§ **Exercise details**: Output each line of the data below exactly, omitting any image.

§ **Given information**:
☆ ☆ ☆

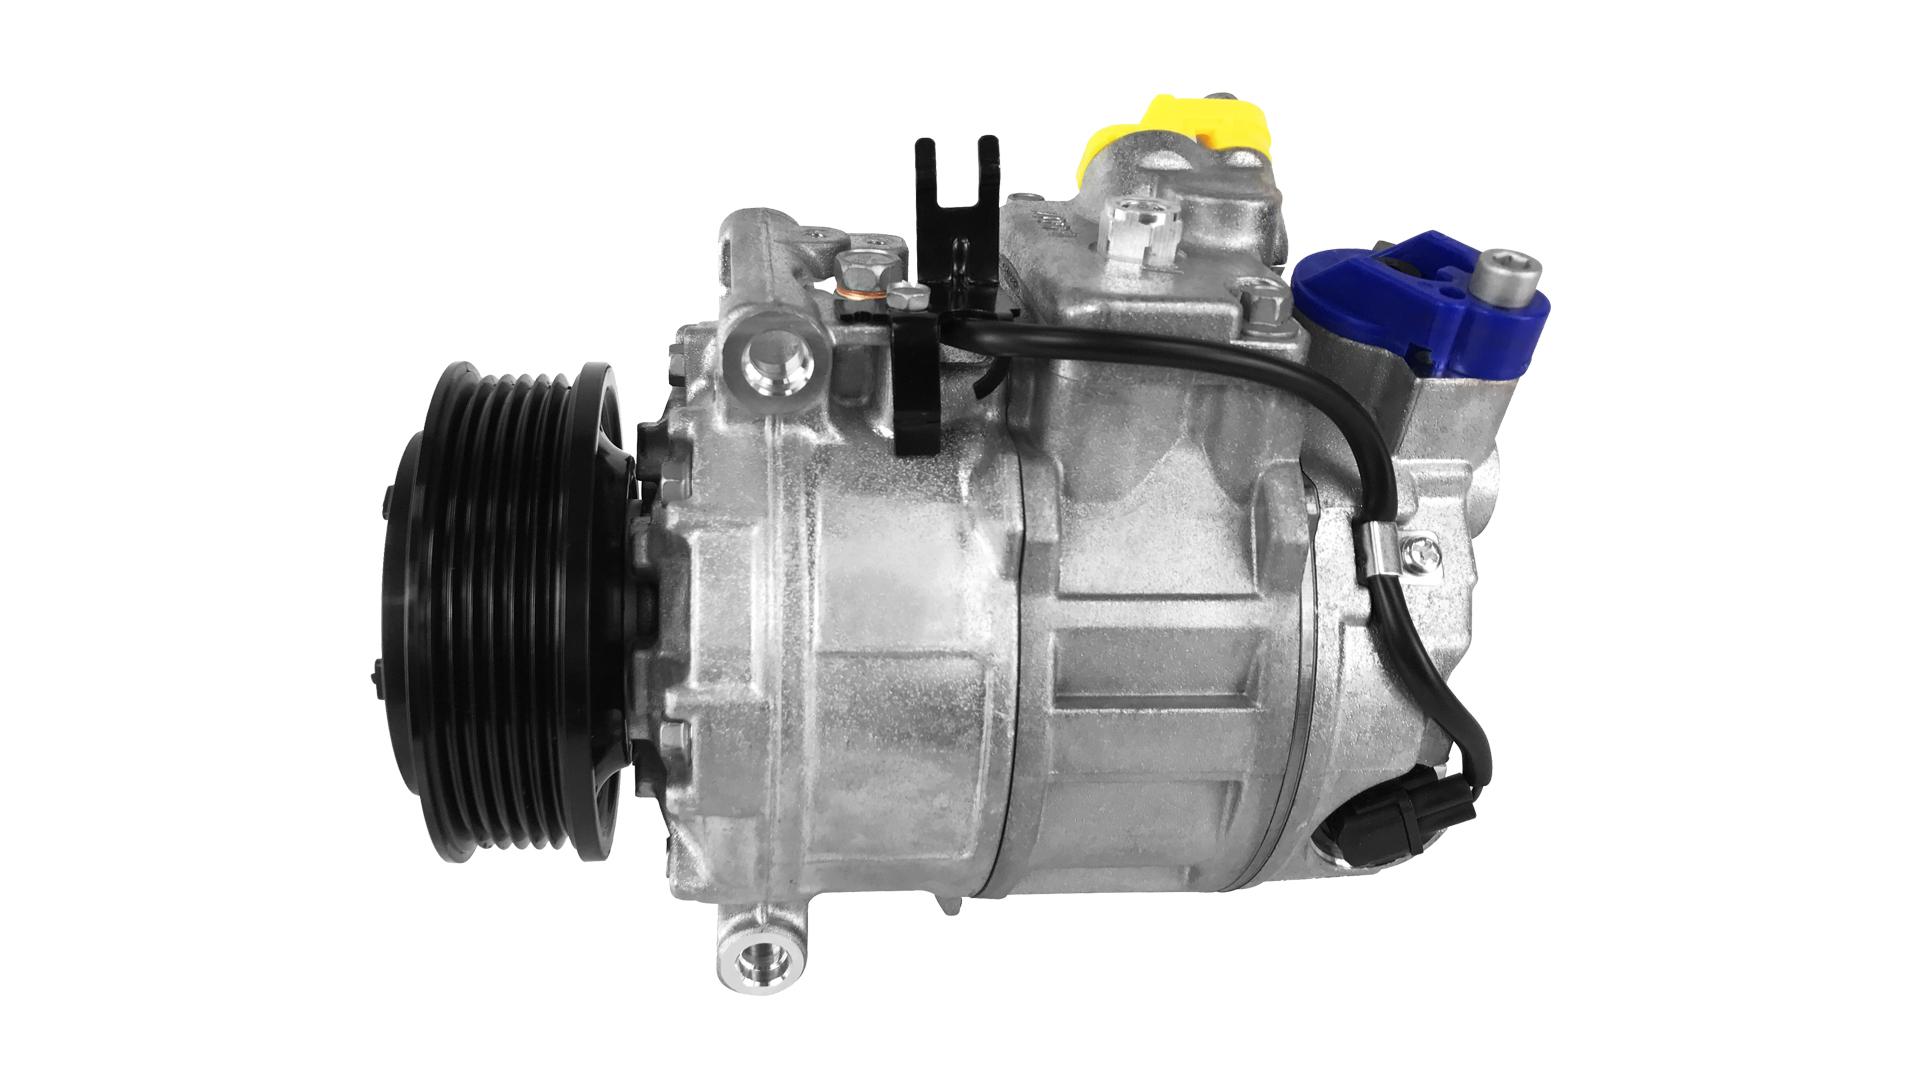 E0820803 / 7E0820803F аўтамабільны кампрэсар кандыцыянера для VW AMAROK DIESEL
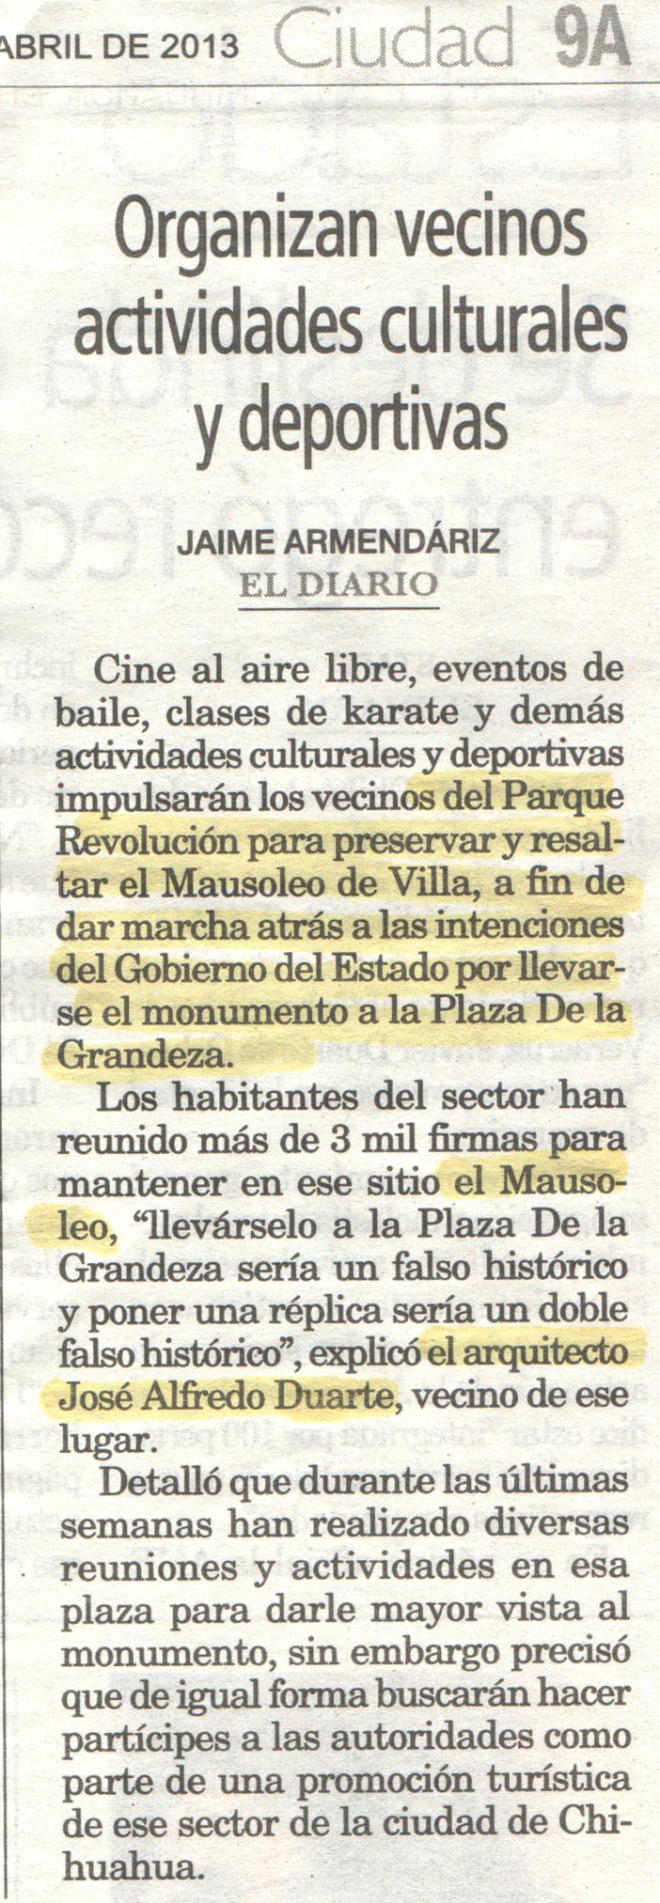 Diario 04.04.2013-2
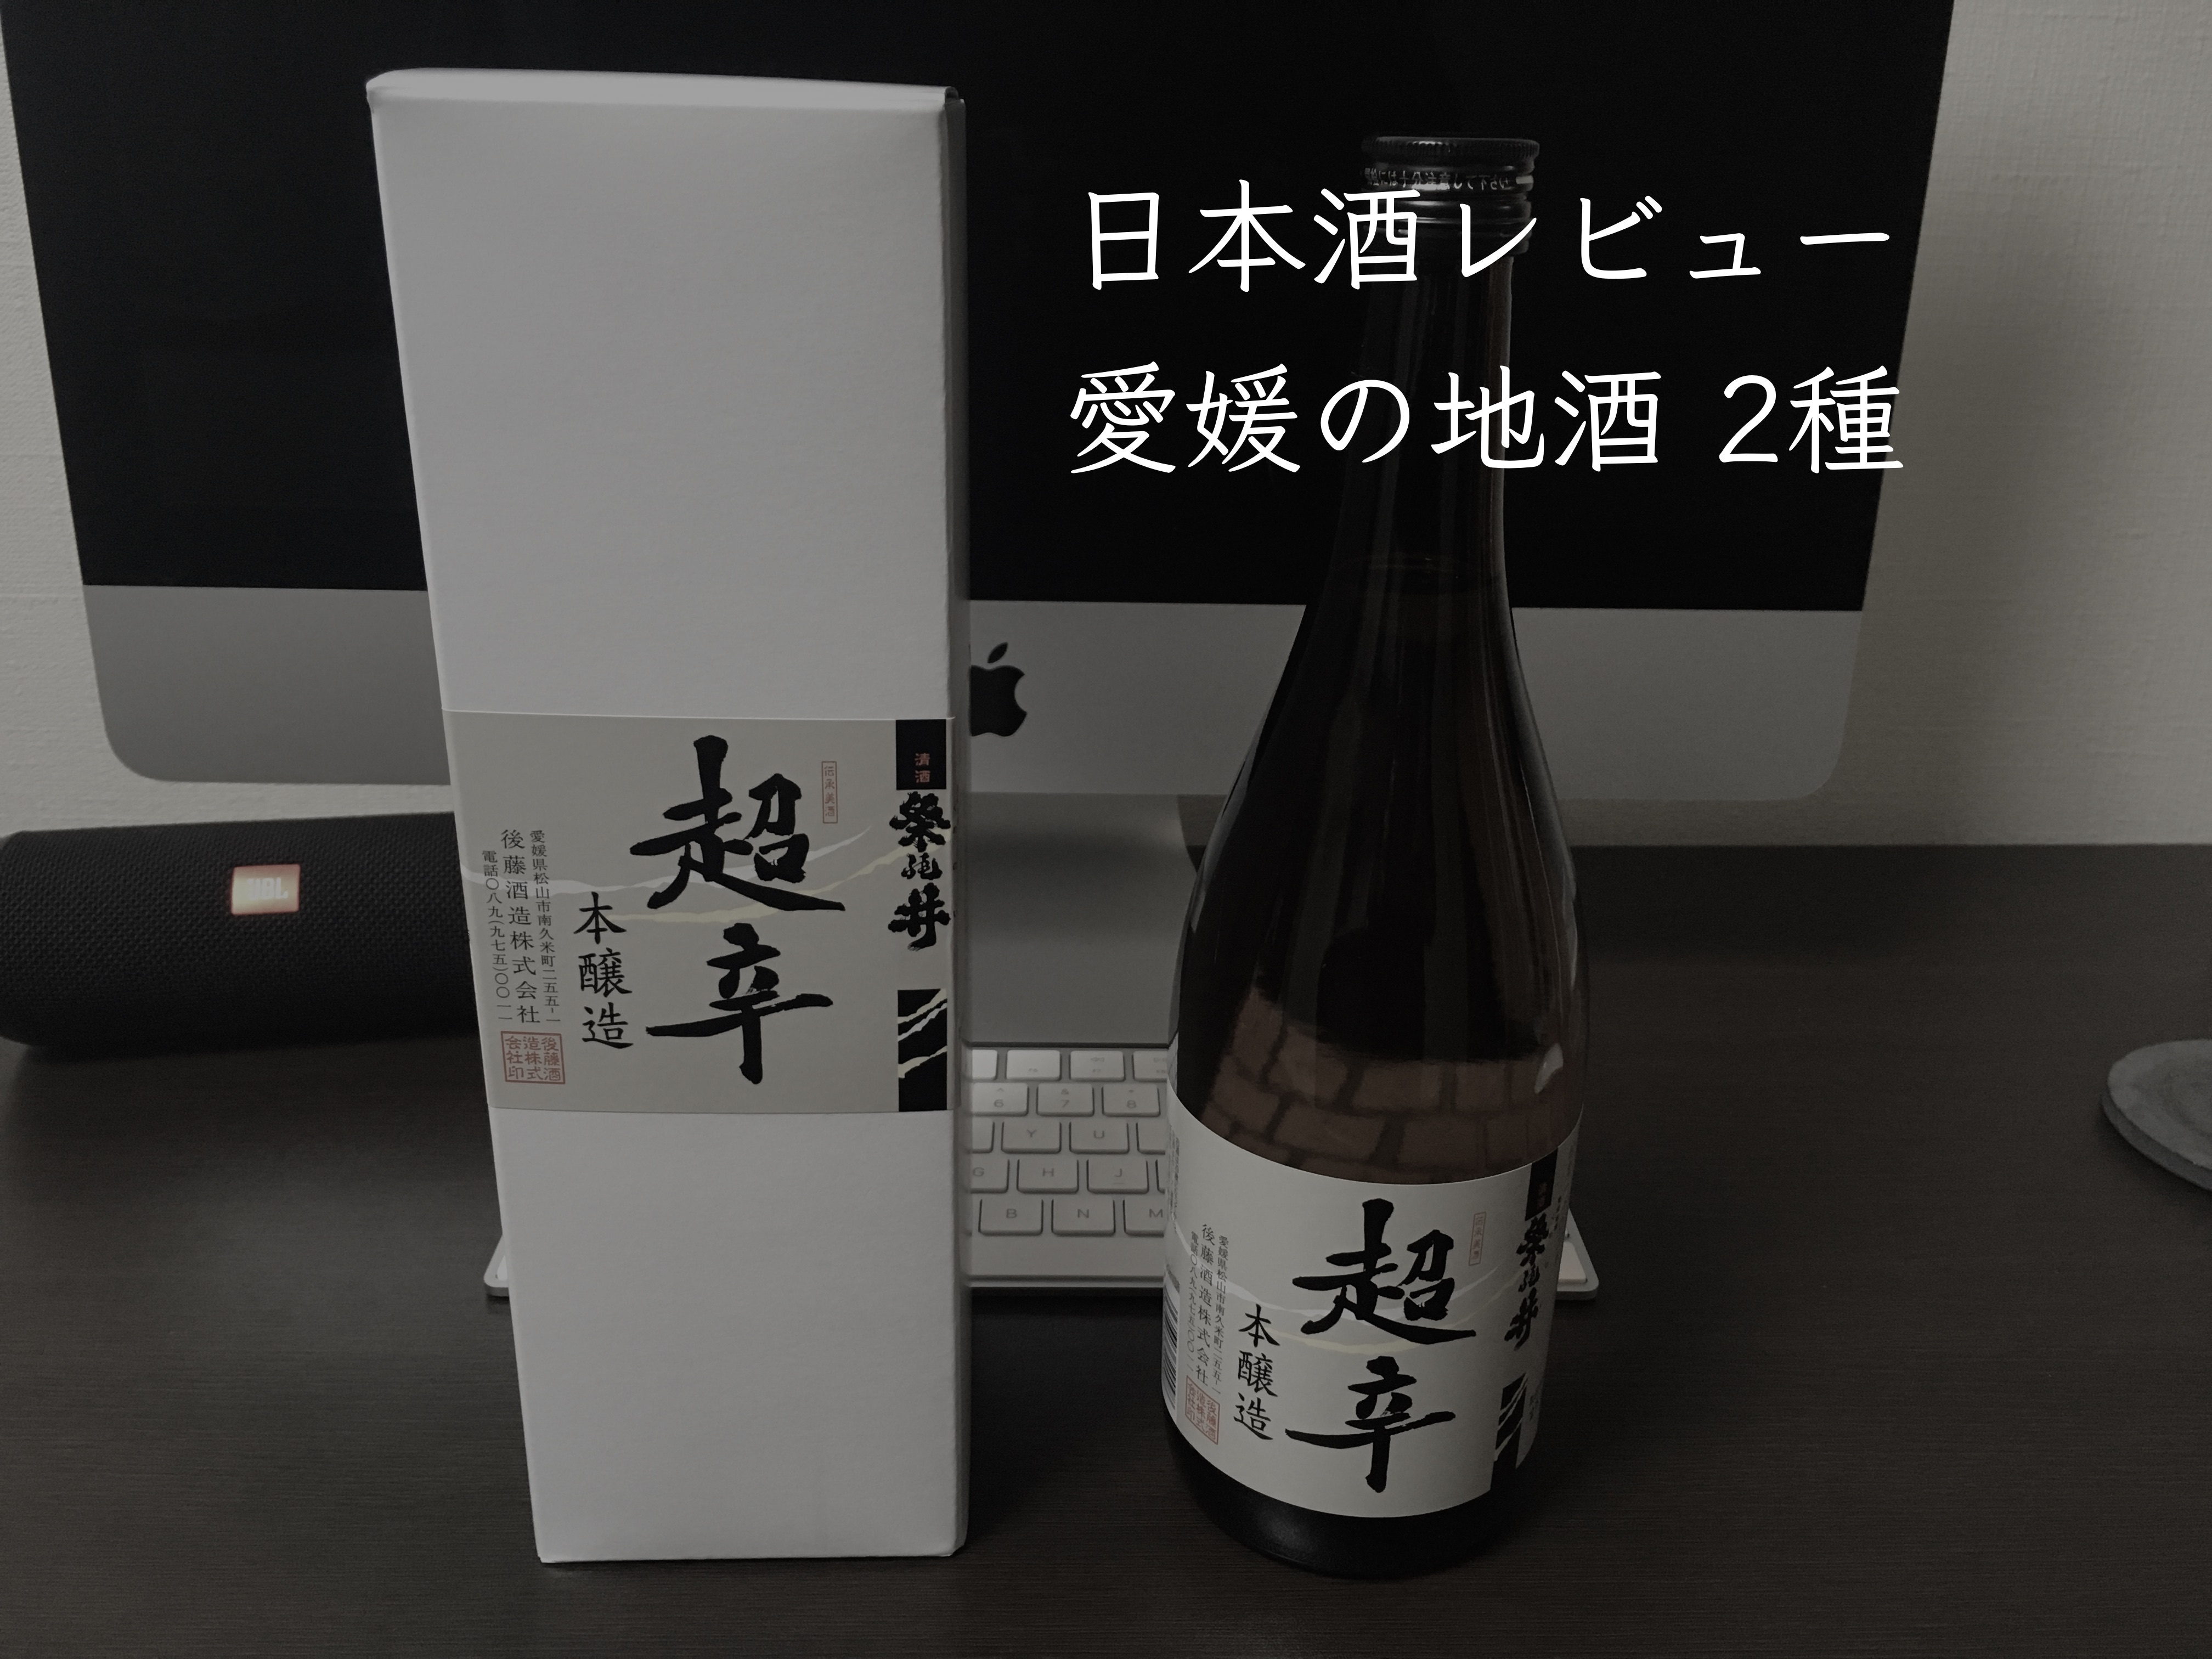 愛媛の酒2種レビュー

☆ ☆ ☆

§ **Reply to the task**:
 E0820803 / 7E0820803F аўтамабільны кампрэсар кандыцыянера для VW AMAROK DIESEL
 Diario 04.04.2013-2
 愛媛の酒2種レビュー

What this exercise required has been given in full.